Las arcaicas, anacrónicas y totalmente prescindibles diputaciones no salen de las urnas, pues son elegidas indirectamente a partir del resultado municipal y su presidente es designado después por el dedo de quien manda en el partido ganador.

La batalla de Lugo ha surgido por los movimientos de Raquel Arias, que han llevado a algunos a pensar que Feijóo y su lugarteniente Alfonso Rueda están detrás. Si fuese así, la situación del PP gallego sería mucho más desesperada de lo que parece, ya que no tiene ningún sentido que diesen esa batalla antes de tiempo y menos todavía que la mantuviesen cuando ha saltado a la opinión pública. Más bien parece una iniciativa de Arias y sus partidarios, frente al vacío que genera la ausencia de Barreiro, ahora concentrado en su carrera en el partido en Madrid, donde, sin embargo, su posición se ha visto limitada por su implicación en la operación Pokémon.

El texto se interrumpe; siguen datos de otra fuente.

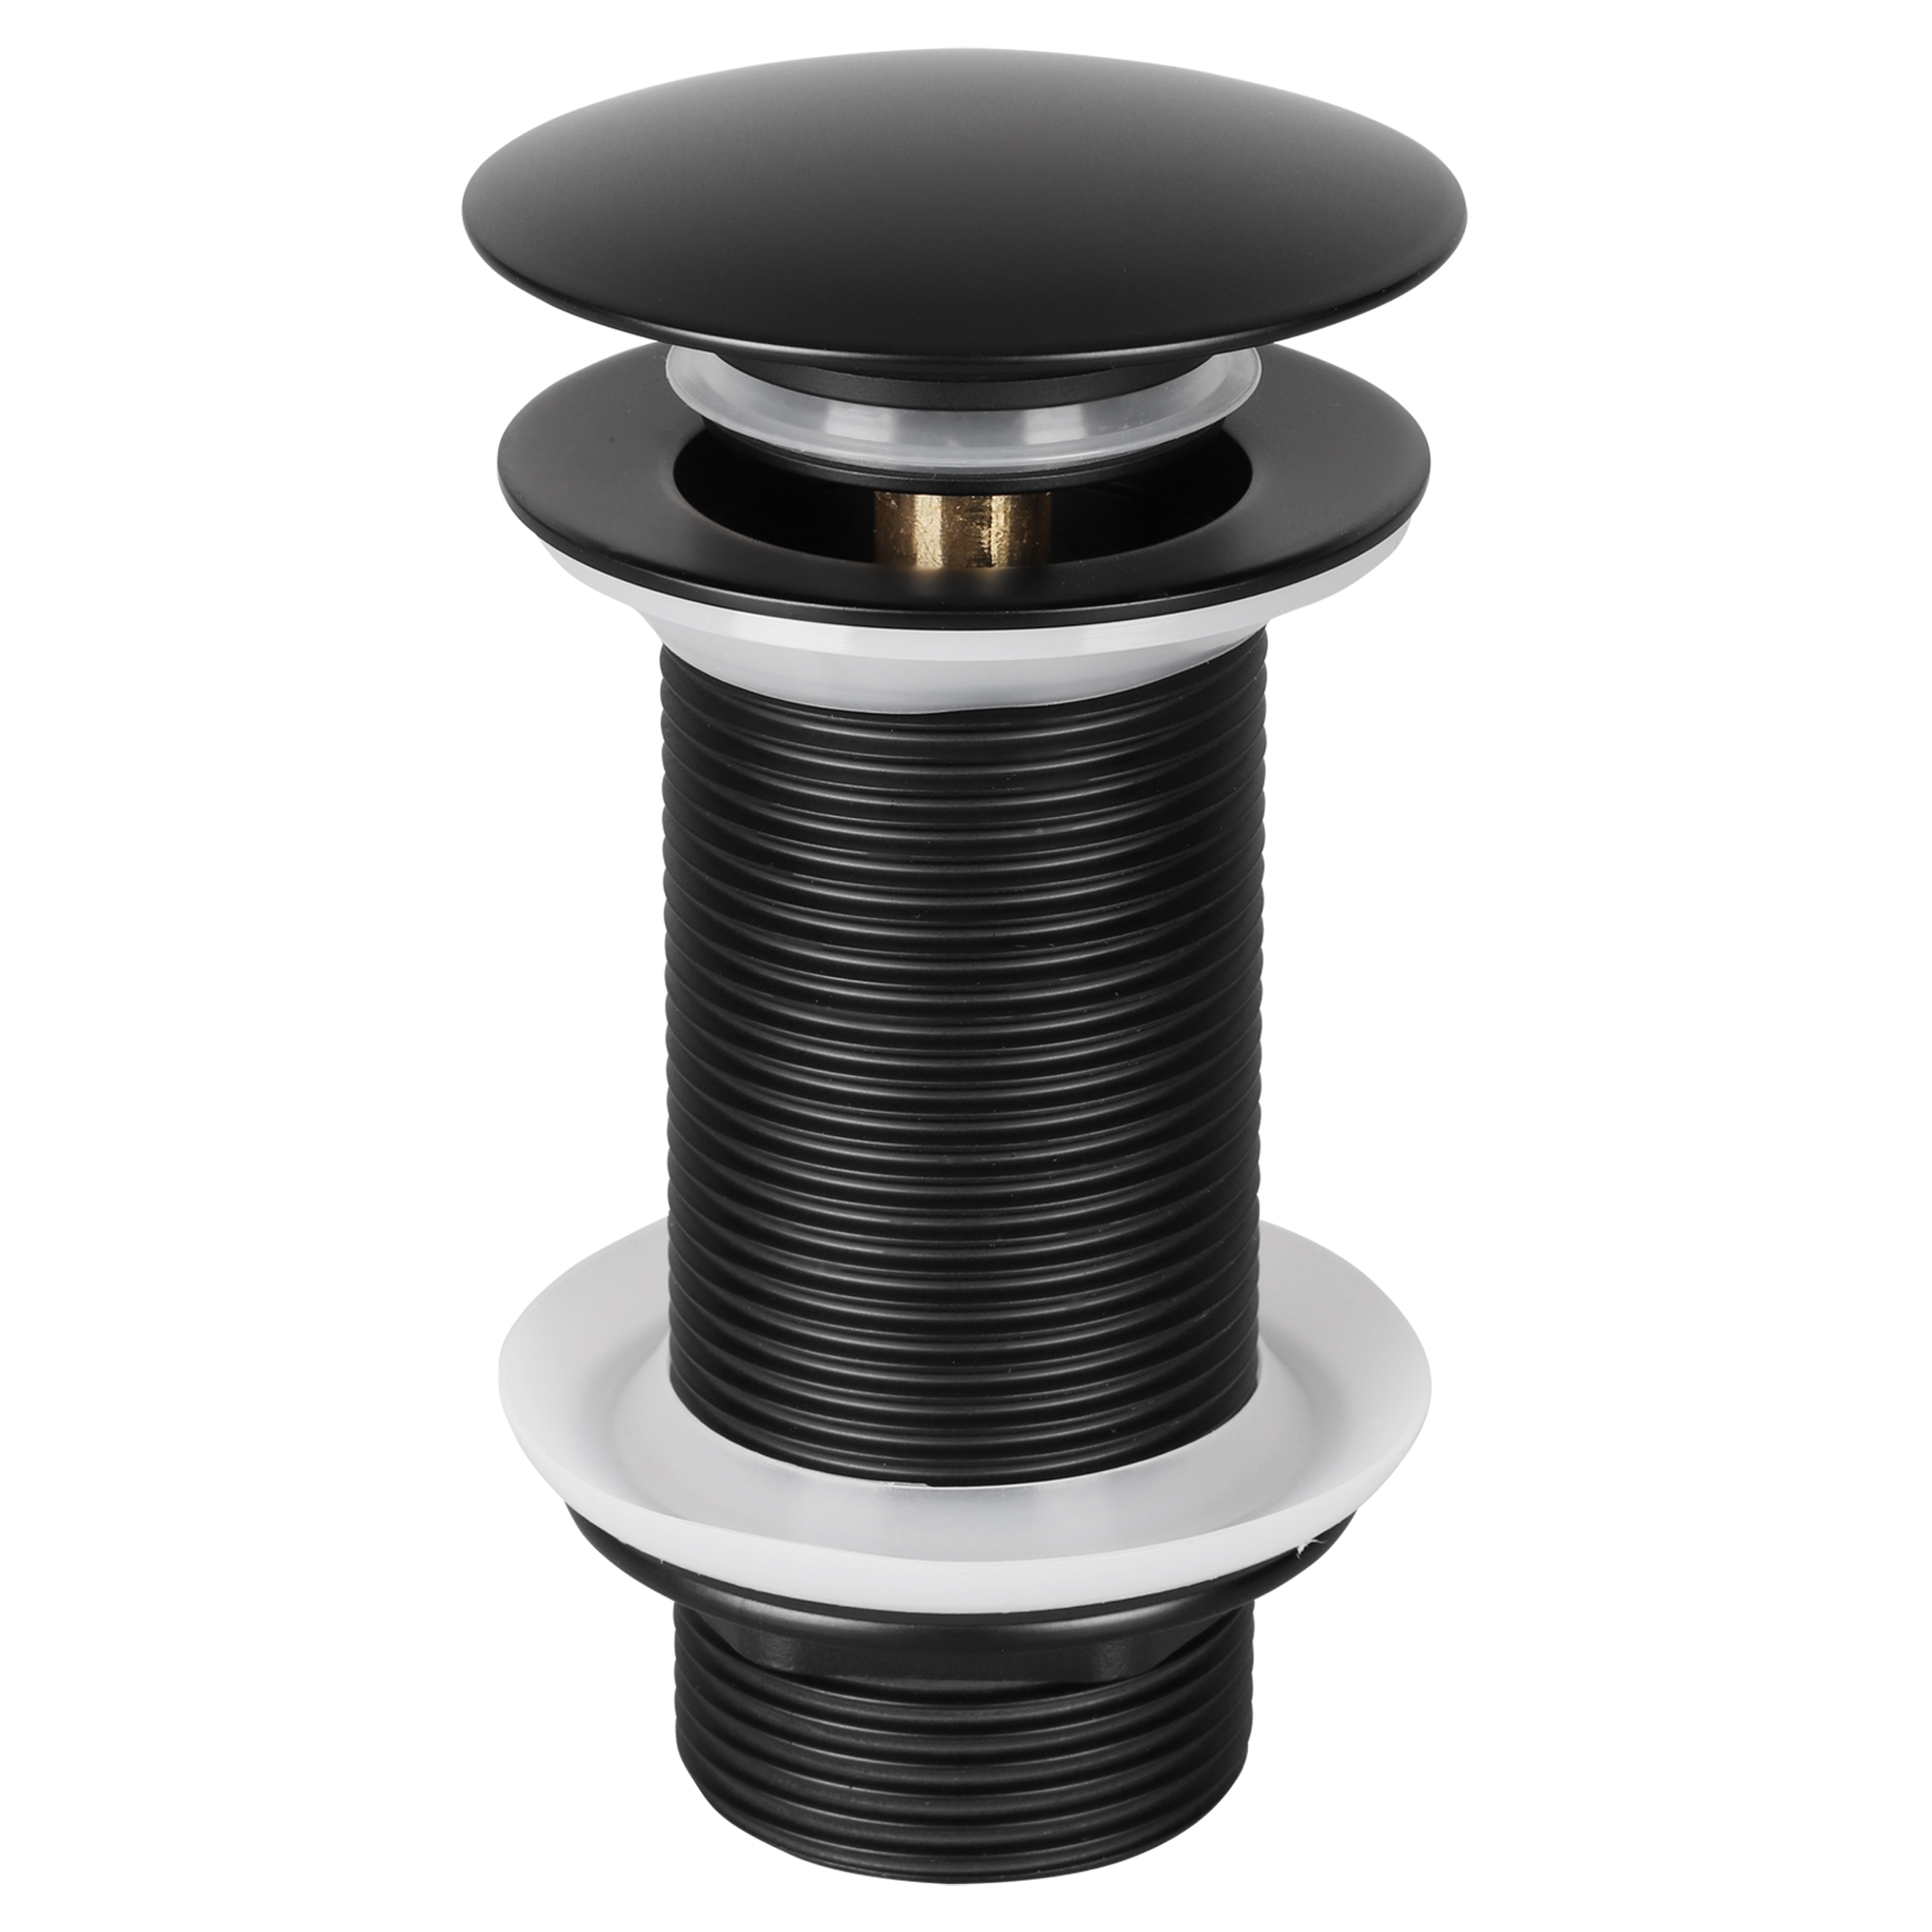 30.415.82 Differnz  afvoerplug pop up - design - large - Ø 66 mm x 98 mm - zwart

Barreiro cuenta desde hace tiempo con el apoyo con Rueda. Con Feijóo, con quien competió por suceder a Fraga, siempre tuvo una relación complicada, aunque últimamente daba la impresión de que ambos se necesitaban más que nunca, en la dificultad. Pero los lugartenientes de Barreiro, con el secretario provincial Balseiro a la cabeza, no disfrutan de esas mismas bendiciones por parte de la cúpula del partido en Galicia.